March 20th, 2017
It is no surprise that daily dietary protein requirement in men is more than women. When it comes to boosting testosterone levels or building muscles, high protein diet is the most loved option (thanks to the intensive marketing tactics by fitness industries!).
However, people don’t know that consumption of too much protein not only has notoriously negative effects on the hormone production but it can affect overall health including poor muscle gain and overall slow metabolism.
Amino acid chains connected with peptide bonds forms a protein molecule. Different proteins have different lengths of amino acid chains. A complete protein will have all essential amino acids for instance, some examples of healthy protein sources are eggs, milk, and meat.

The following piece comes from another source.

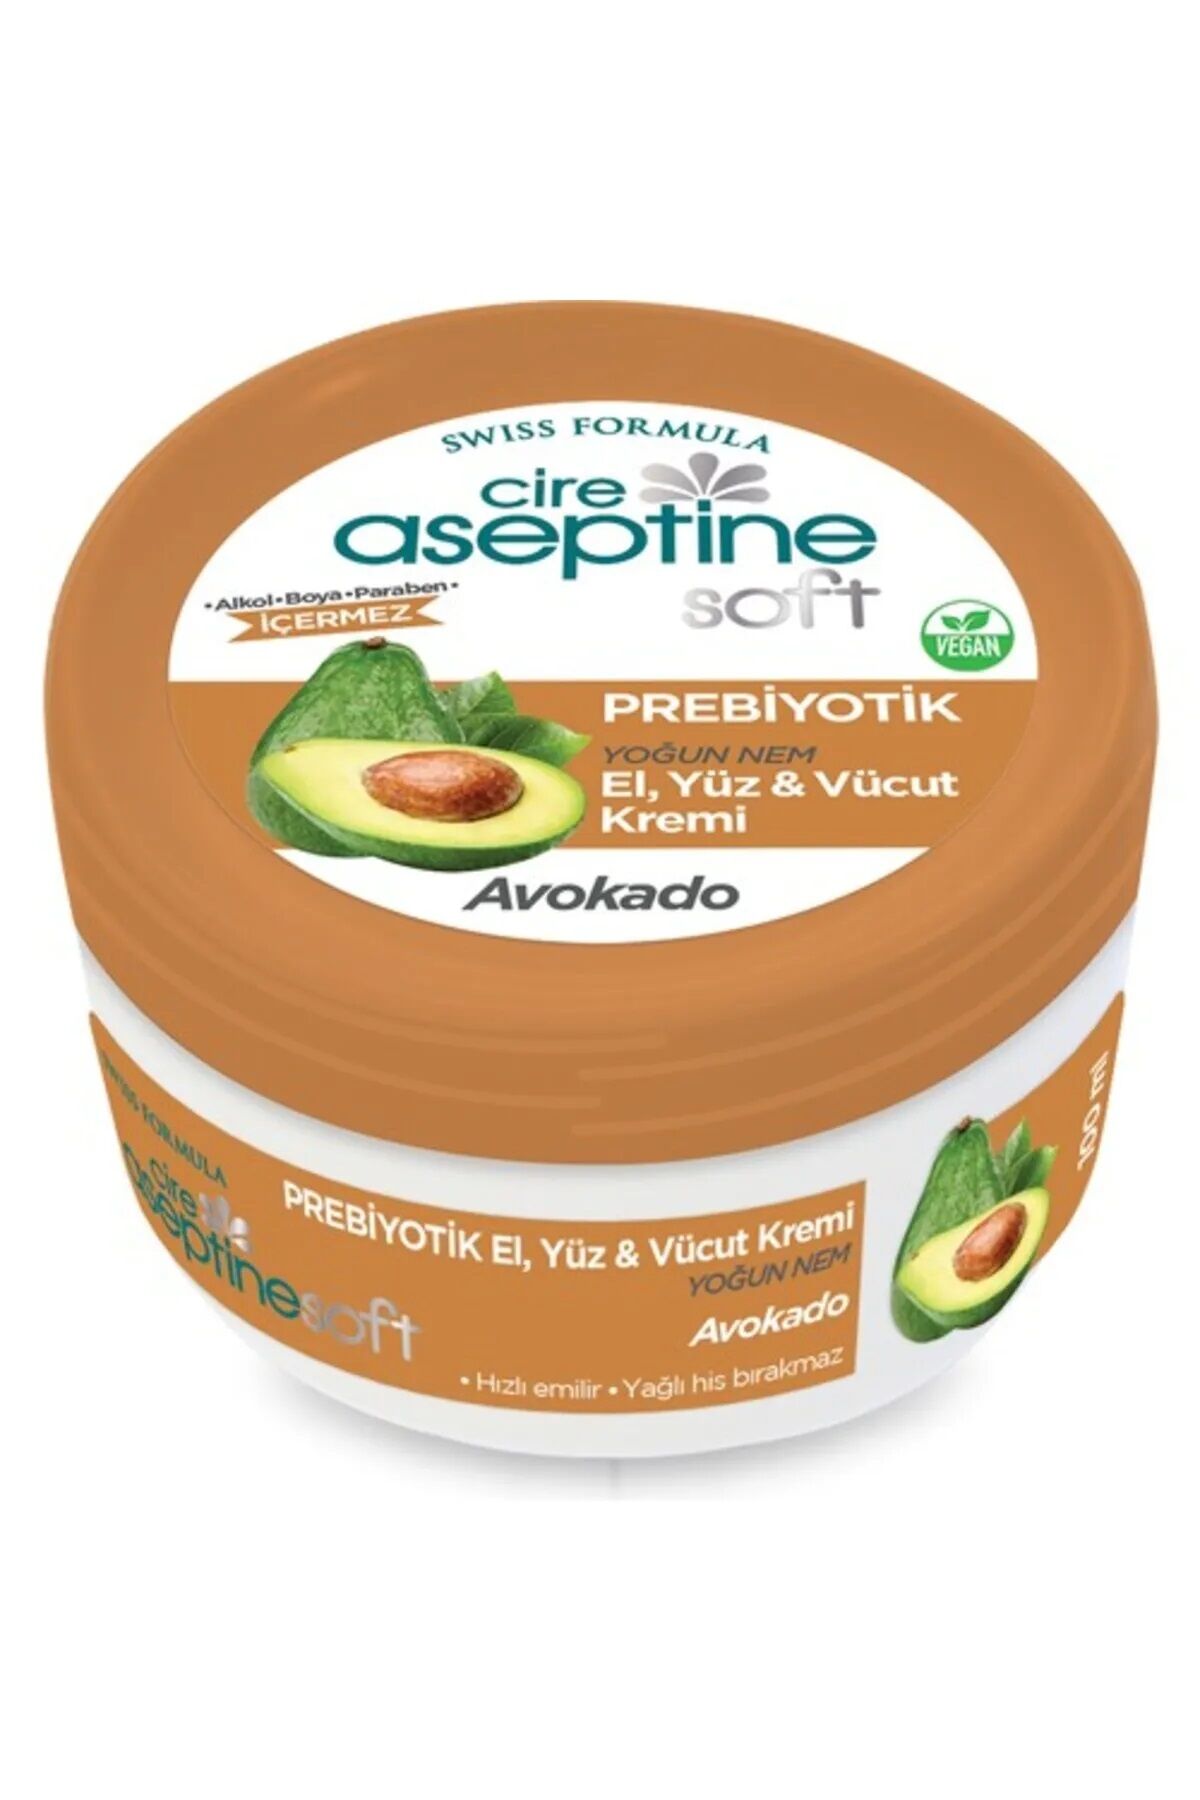 Cire Aseptine Soft Avokado Özlü Yoğun Nemlendirici Prebiyotikli Krem 100 ml

Testosterone production and muscle mass gain greatly depends upon the total intake of protein and the type of protein used. Insufficient protein intake can decrease the muscle mass and lower the testosterone production. For maximum muscle gain, a person requires 0.8gram of protein per pound of lean mass. In fact, 0.37g per pound is sufficient to maintain the positive nitrogen balance in habituated body builders.
As per one research, high protein diet has negative impact on overall hormonal profile. As part of the research study, the sample of resistance trained subjects were divided into different groups based on different compositions of macronutrients i.e. high carbs, high protein, and low fat diet. Upon analysis, it was observed that men with high protein intake had lower serum levels of testosterone. This reduction was dose dependent i.e. greater the amount of protein intake, greater was the testosterone suppression.
Another similar study was carried out on untrained men. The subjects were divided into two groups (high carbohydrate diet VS. high protein diet) with same amount of total caloric and fat intake. Results suggested that not only the testosterone and DHT levels were suppressed in men with high protein intake but it also increased the basal production of cortisol (the stress hormone). The only “negative aspect” of low protein diet observed in high-carb group was, increase in SHBG levels which can reduce the bioavailability of testosterone.
Though, the type of protein intake does affect testosterone production but there isn’t much study on this matter. There is only one study which suggests that animal protein is much more efficient in increasing the basal androgen production, as compared to plant or soy protein. The reason could be different amino acid composition or the fact that soy contains phytoestrogens.
From results of various research studies, it can be concluded that neither too much or too low protein intake is good for testosterone production and muscle mass gain. If excess protein can suppress testosterone and muscle gain, low protein can raise SHBG. Thus, moderation is the key!
Speak to your doctor if your think your low serum testosterone levels are a result of inadequate protein intake.